Tuesday, December 1, 2015

India And Climate Change- Productivity Challenge

This is a serious essay. But this passage made me laugh out loud-

Because any imaginable path of development involves making massive amounts of steel, ramping up production at Jharia is a top national priority. Achieving Modi’s billion-ton target, company officials tell me, will require the colliery to increase its output by about 15 percent a year.

The men and women who must accomplish this huge task work in a landscaped headquarters that during my visits is full of people standing around in hallways and lobbies without obvious purpose. One morning I interview an able young engineer. Jammed into the other half of his office are a half dozen older men, one of them his supervisor, drinking tea and telling stories. The interview lasts nearly two hours. During that time the other men do not move. Phones do not ring. Email alerts do not ping. Keyboards lie untouched. The office door opens only to admit flunkies with tea on a tray. Leaving the engineer’s office, I wonder if the activists who protest India’s coal expansion plans would be comforted by this scene. Increasing productivity is going to be no easy task.

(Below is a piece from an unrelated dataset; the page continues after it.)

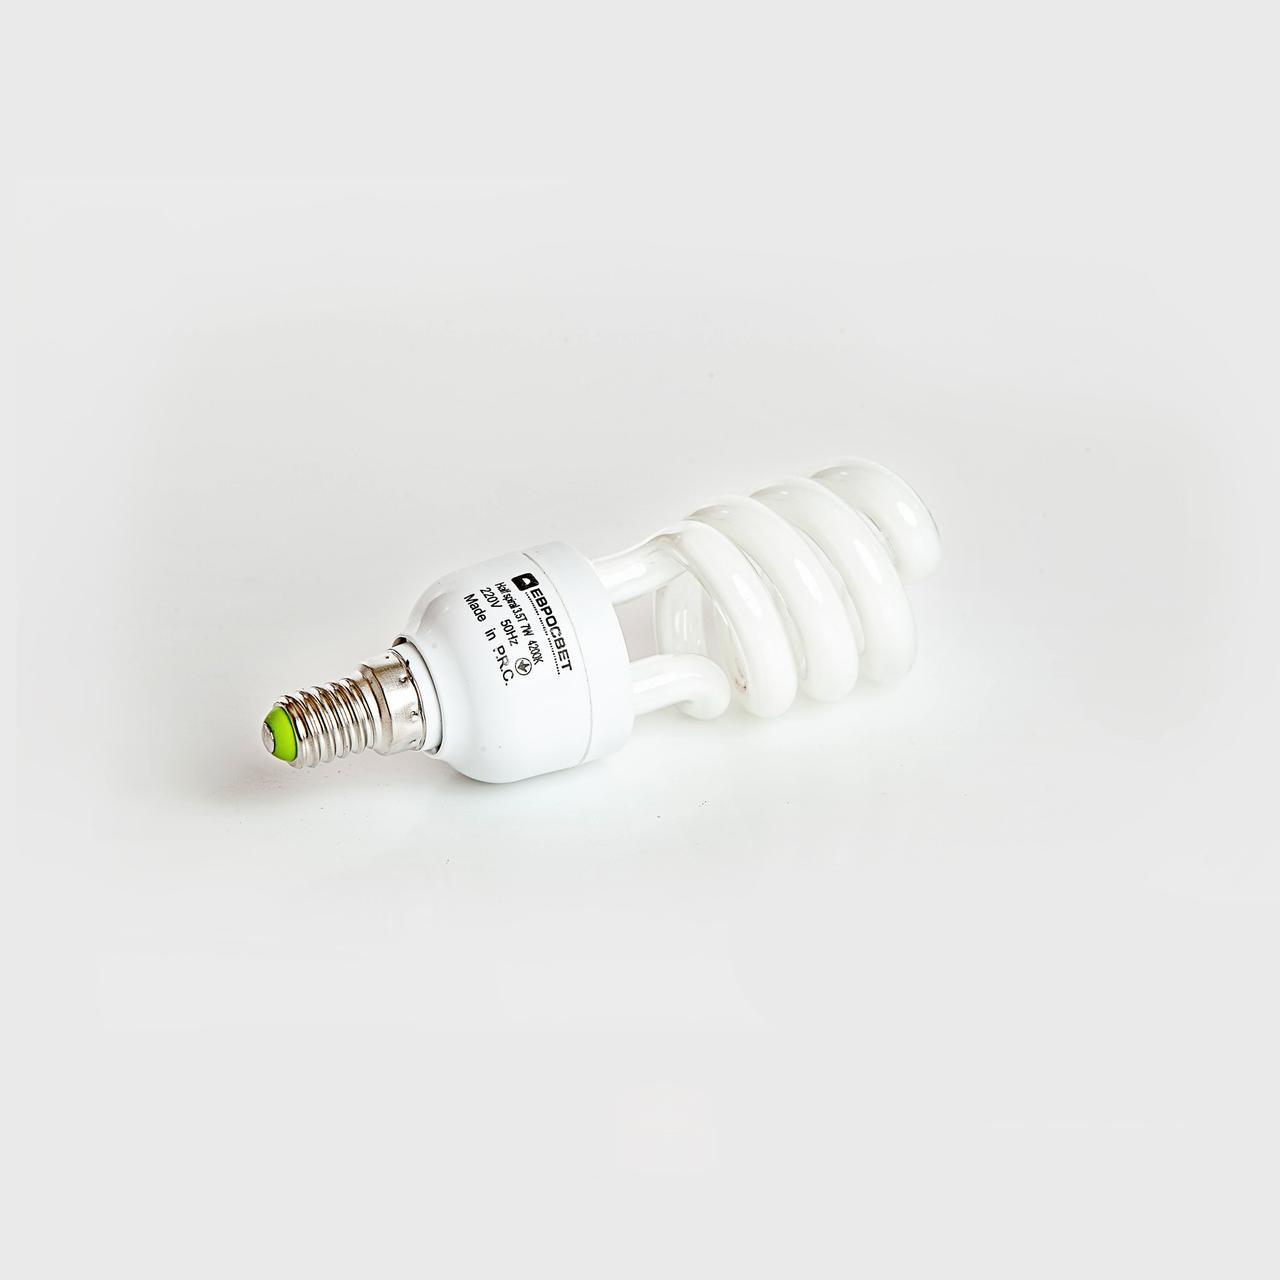 Лампа энергосберегающая 7W E27 4200K FS-7-4200-27

Charles Mann writes about the two paths- one solar and the other coal- that India seeks to take to develop and at the same time manage its carbon emissions. The preferred pathway according to Charles Mann's assessment is tilting towards coal.

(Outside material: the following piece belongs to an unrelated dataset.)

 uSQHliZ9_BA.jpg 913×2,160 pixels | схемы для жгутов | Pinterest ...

I  kinda agree. The current government is coming up with innovative ways to speedily access India's coal deposits. One aspect of the damage by the increasing reliance on coal that he did not bring up (besides air pollution) is the destruction of some of India's best forest land in the eastern part of the country. Environmental parameters that are used  to define inviolate forest areas are being  diluted to ease the handover of forest land to mining. That means destroying biodiversity and also means a threat to water security and water quality. Even if the next generation of coal power plants are cleaner, India will pay dearly in environmental costs of lost forest cover and degraded water supply.

I am not  trying  to make light of the challenges that India faces, but with nuclear energy taking a backseat because of large capital costs and a whole different set of environmental fears and no prospect of  a quick ramping up of natural gas from conventional and shale gas reservoirs (reserves may not be enough anyway),  I don't see how reliance on coal can be reduced in the near future.